#### Source material:
━━━━━━━━

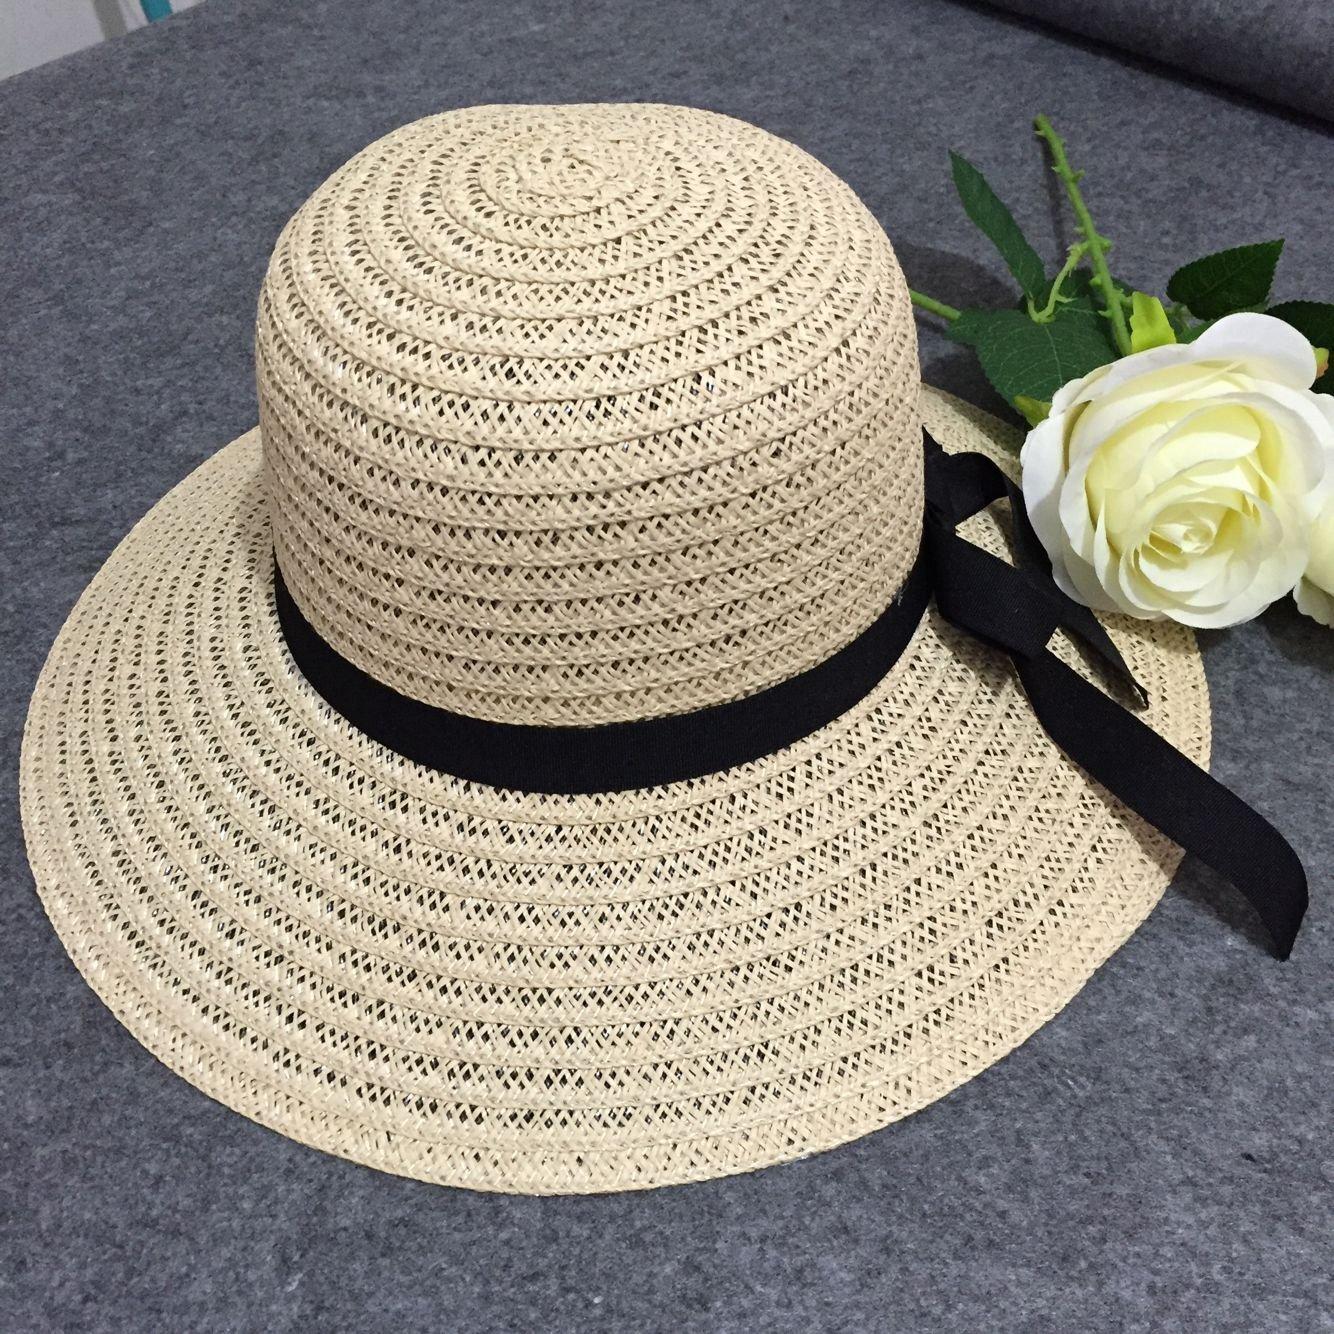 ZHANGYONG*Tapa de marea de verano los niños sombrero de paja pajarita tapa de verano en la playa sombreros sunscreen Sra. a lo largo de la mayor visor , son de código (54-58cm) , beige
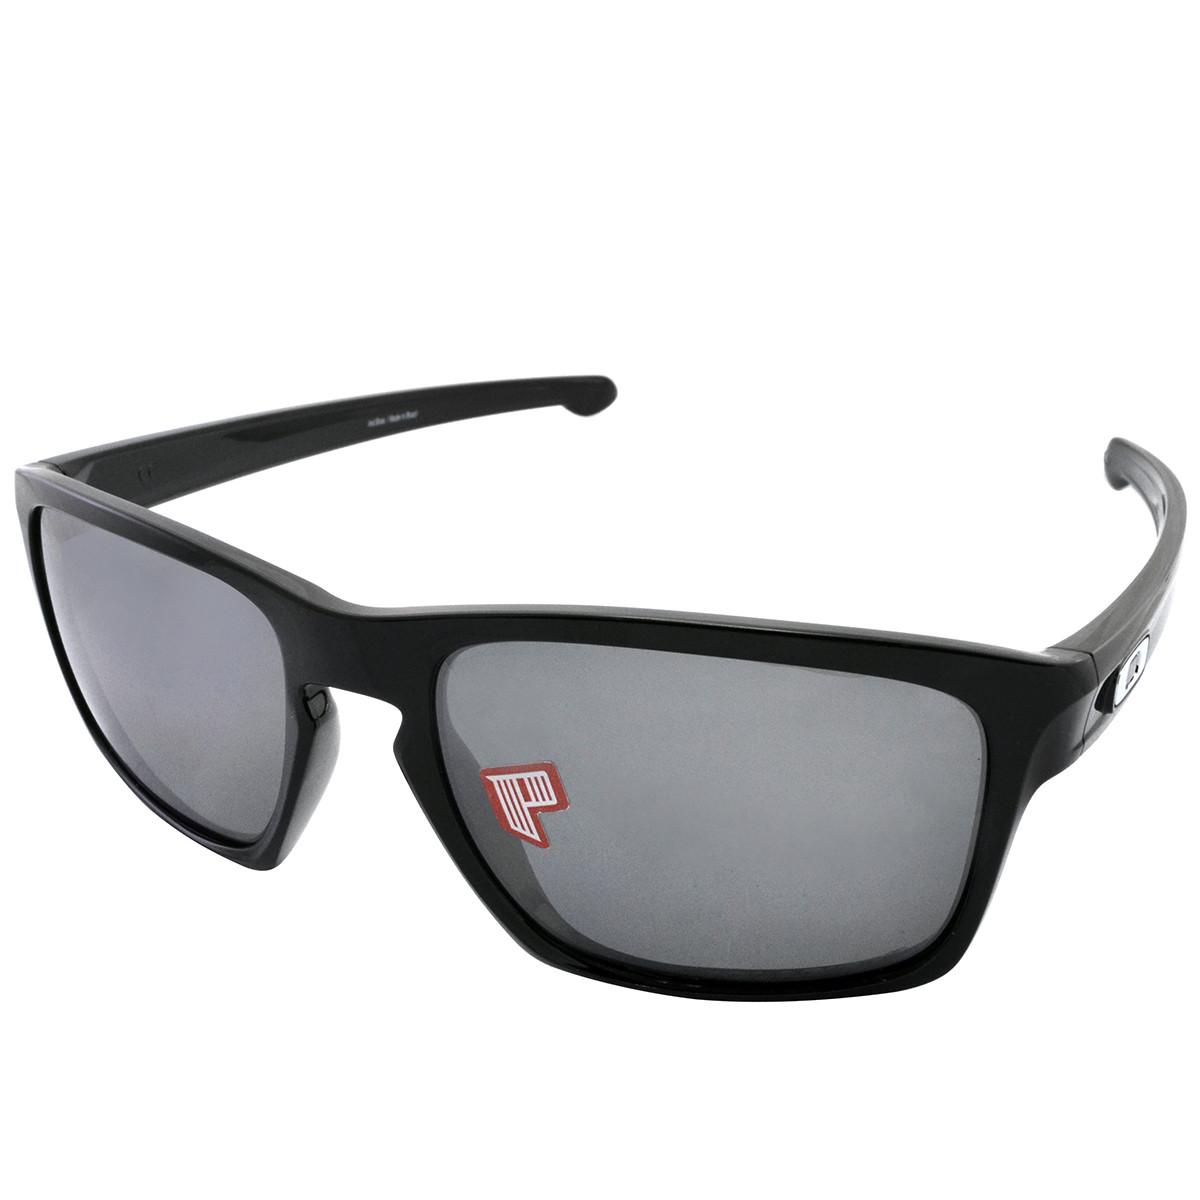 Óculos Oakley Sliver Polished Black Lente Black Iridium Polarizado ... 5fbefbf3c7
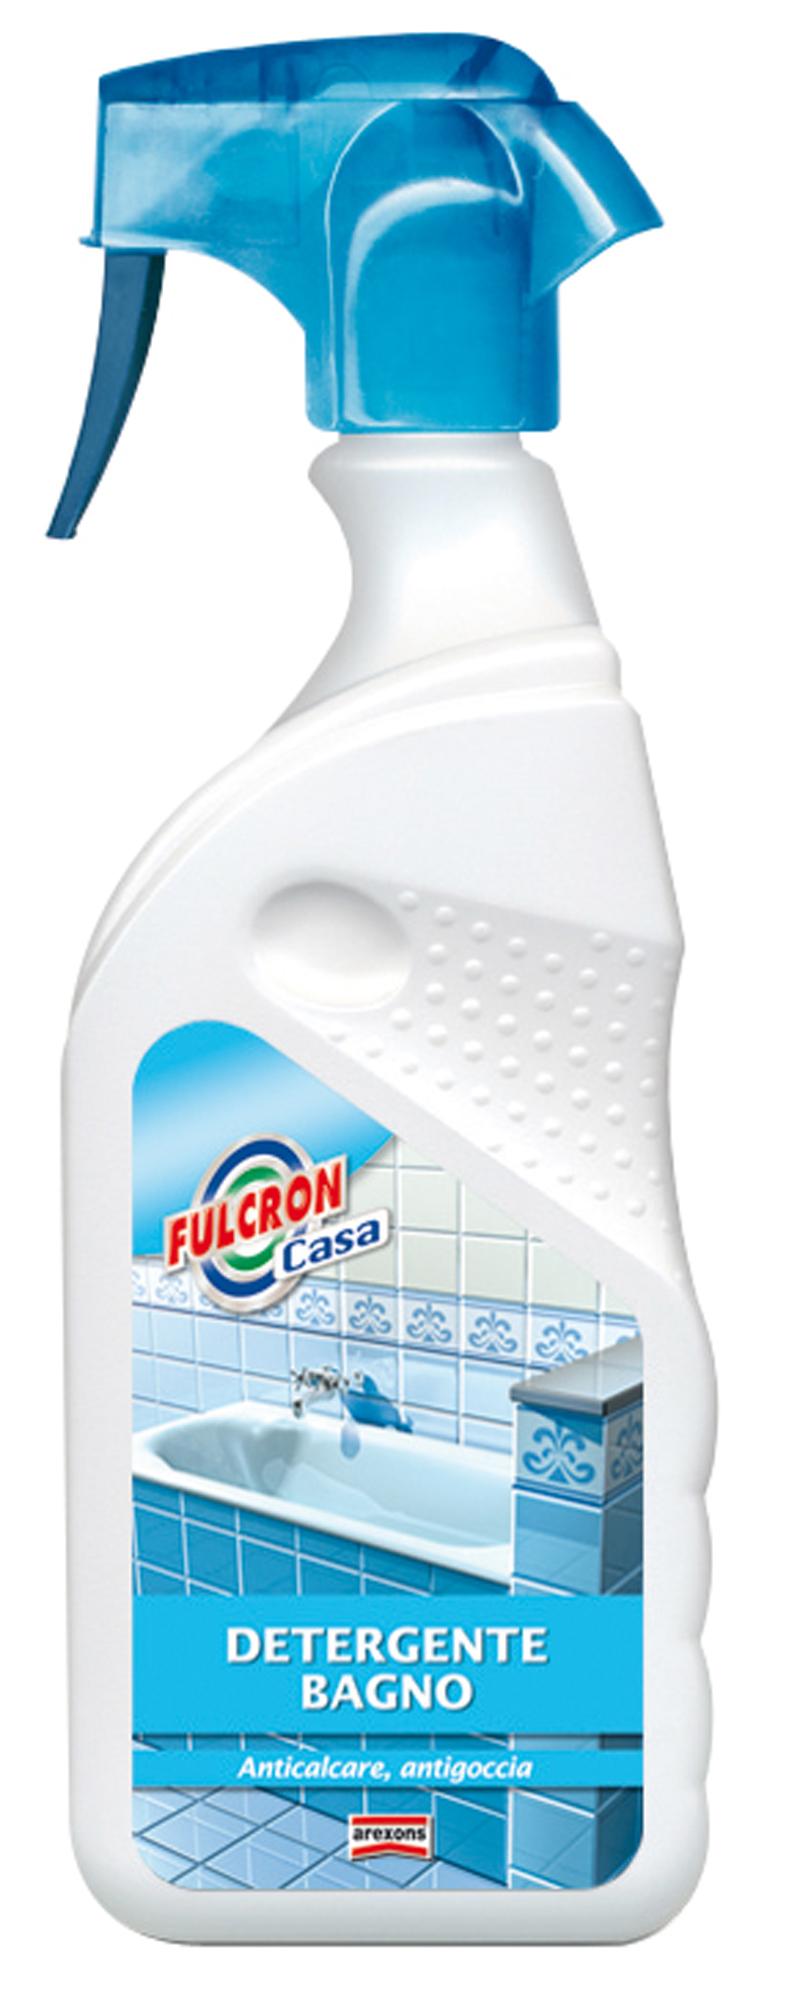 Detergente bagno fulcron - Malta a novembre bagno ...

━━━━━━━━

#### What you need to do:
Return the listing unchanged, but drop every picture.

#### Response below:
 ZHANGYONG*Tapa de marea de verano los niños sombrero de paja pajarita tapa de verano en la playa sombreros sunscreen Sra. a lo largo de la mayor visor , son de código (54-58cm) , beige
 Óculos Oakley Sliver Polished Black Lente Black Iridium Polarizado ... 5fbefbf3c7
 Detergente bagno fulcron - Malta a novembre bagno ...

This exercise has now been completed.